Check OWL for what to do with weird situations.
The Work Cited Page
Begin the bibliography on a new page. At the top of the page, write “Work Cited” (not something else). Entries on this page are single-spaced with a blank line between entries. Format the entries with a 0.5” hanging indent.
Each entry takes the format:
author. “article title.” book title. Then begins to deviate based on what type of source you are using. Use an online reference to find out the basic format for whatever you want to use (such as this one)
Fill in what you have. Alphabetize by first thing (either author or title).
Website Citation
As a lot of research moves online, citing things from the Internet becomes increasingly important. The MLA makes citing things from the Internet tricky, but not that awful.

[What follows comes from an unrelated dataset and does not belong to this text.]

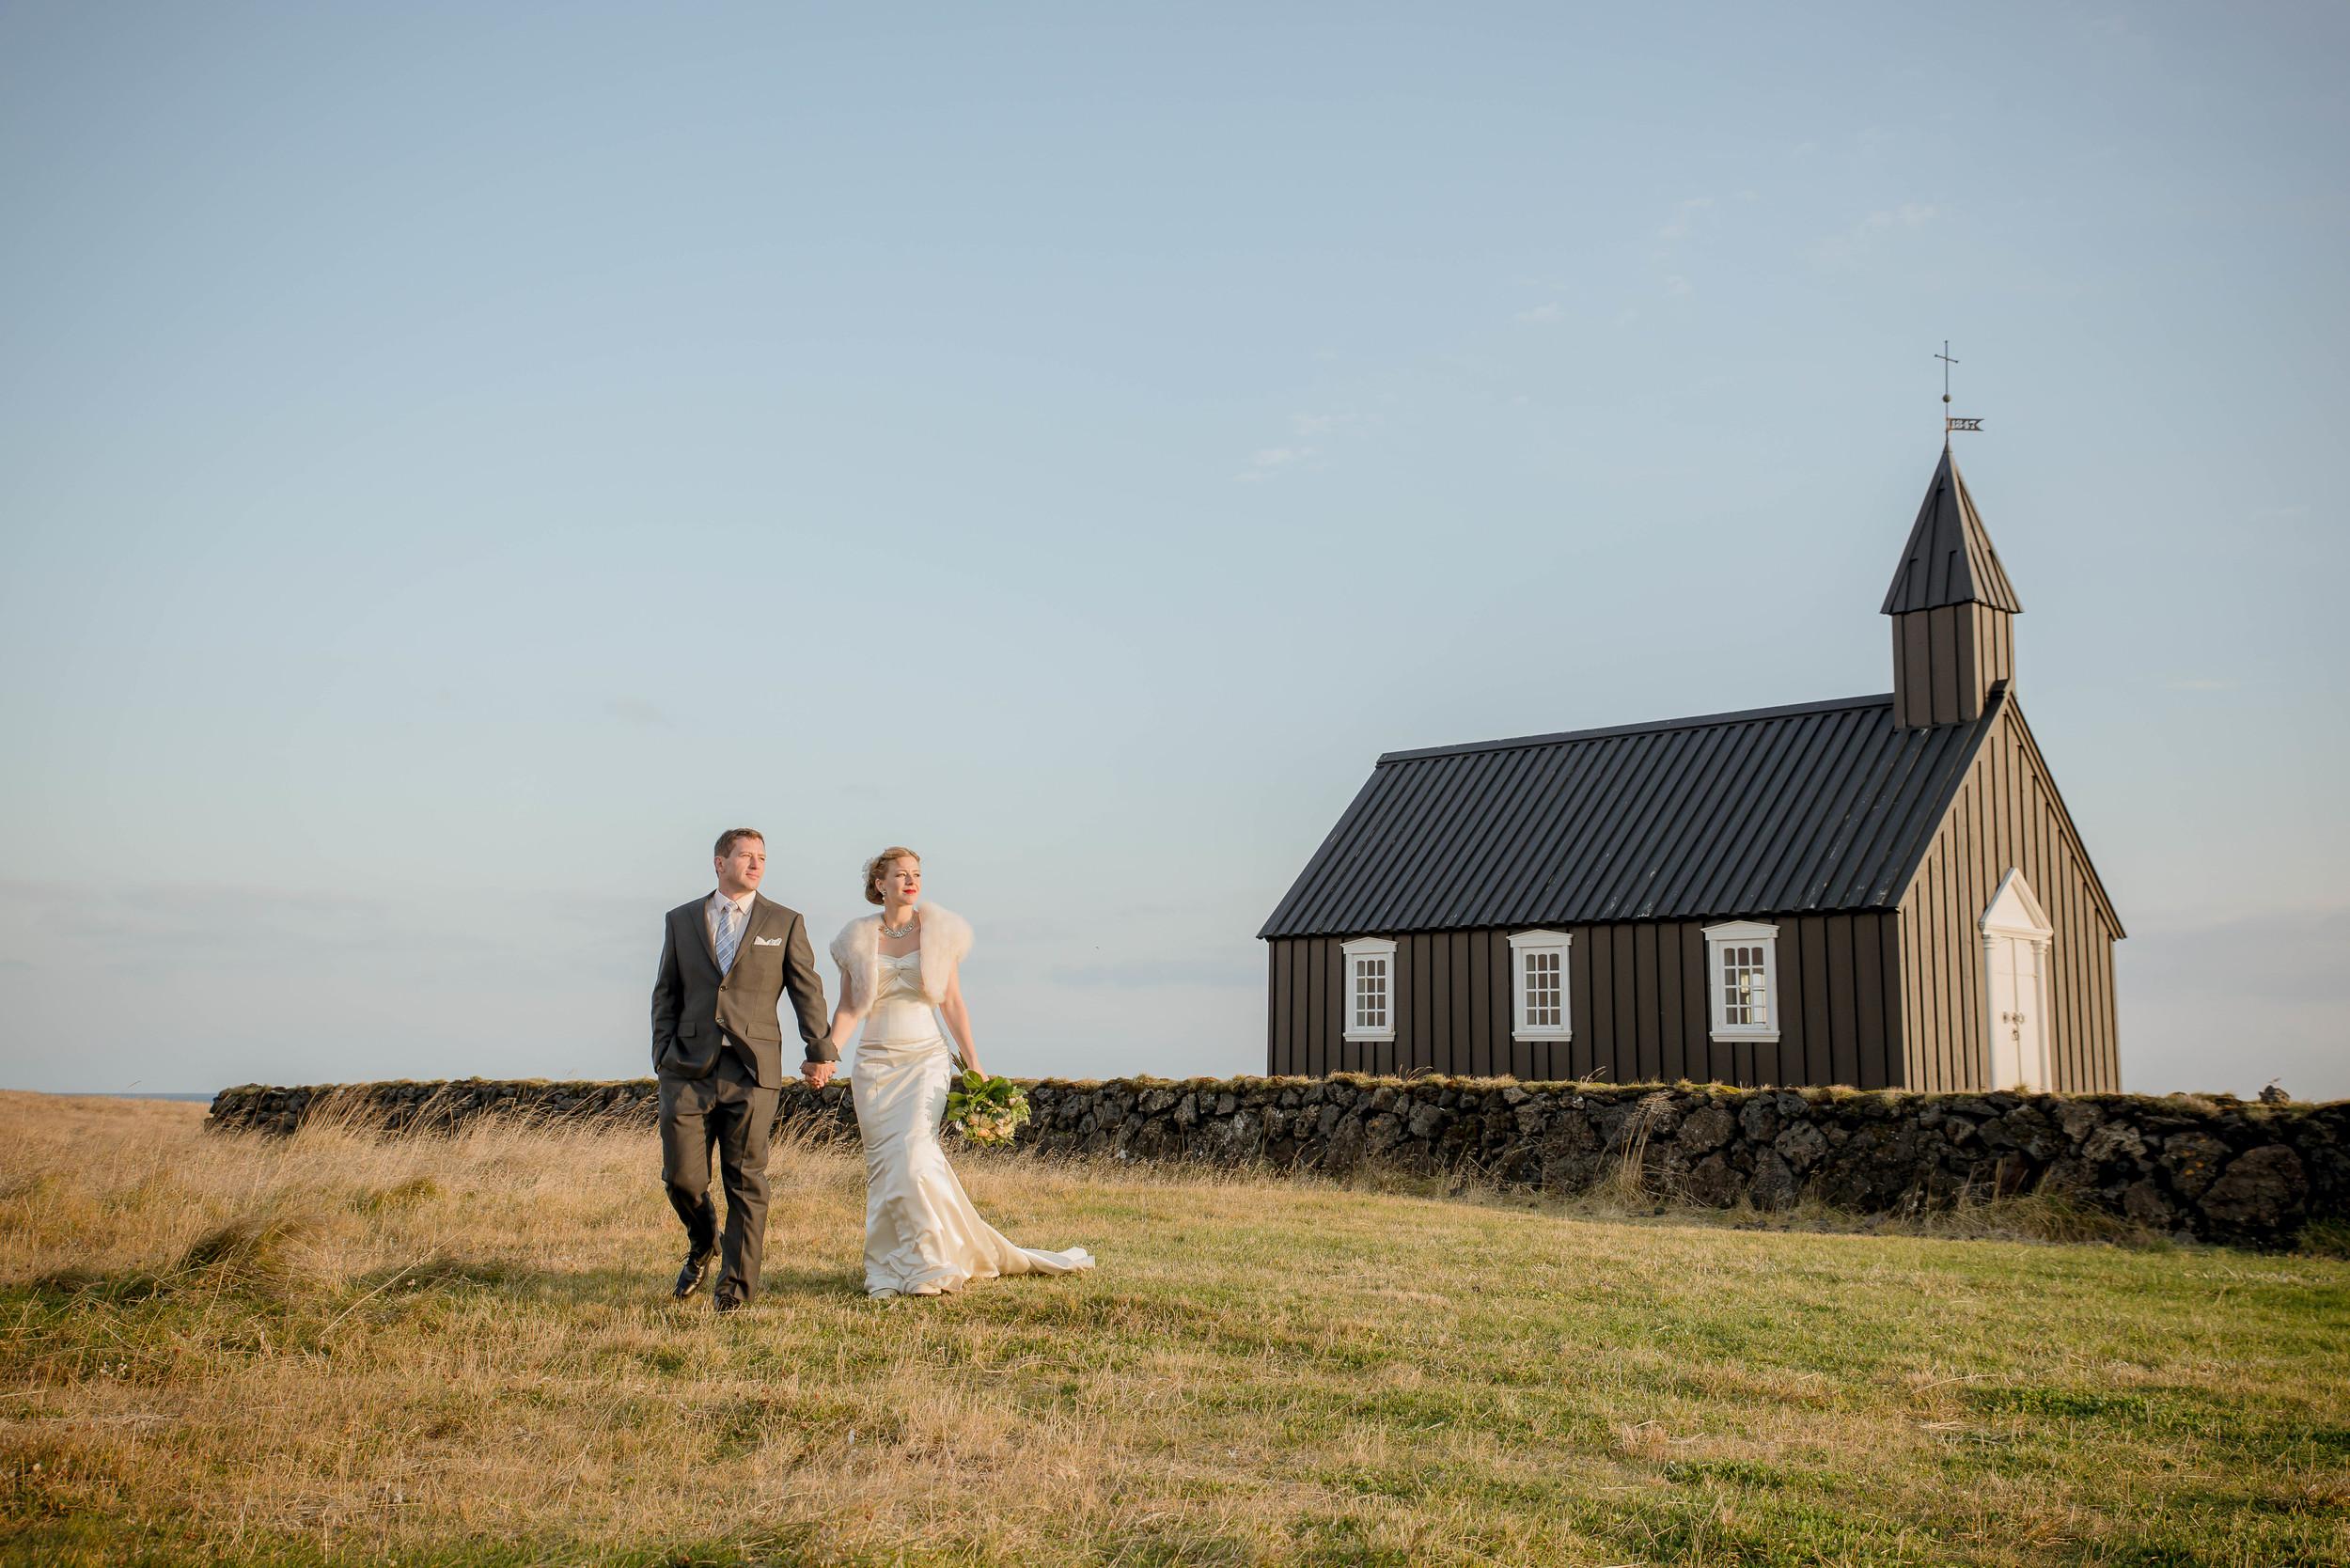 Iceland-Wedding-Photographer-Photos-by-Miss-Ann-38.jpg

Citing An Article in on a Website:
- Author stays the same (if the site has one).
- The site’s title becomes the book title (for instance Wikipedia)
- The specific page’s title is treated as the article. So, if I was citing the Wikipedia entry for “Farmer,” the article title would be “Farmer” and the book title would be Wikipedia. There would be no author.
Format:
Author. “Article Title.” Site Title. Publication Date (if known). Access Date. <URL>
URL is now optional (for some stupid reason).
An Example
- Weston, Anthony. A Rulebook for Argument. Indianapolis, IN: Hackett, 2000.
- A Rulebook for Argument. A Collection of Rhetoric Pages. 12 Dec 2000. <http://www.rhetoric.com>. 9 Feb 2007.
Working with Quotes
- Why cite outside sources?
- Ethos
- Bring in knowledge we don’t have.
- Counterargument
- The problem with quotation is that you need to work them into the fabric of your text. The problem many writers have is with allowing quotes to speak for themselves.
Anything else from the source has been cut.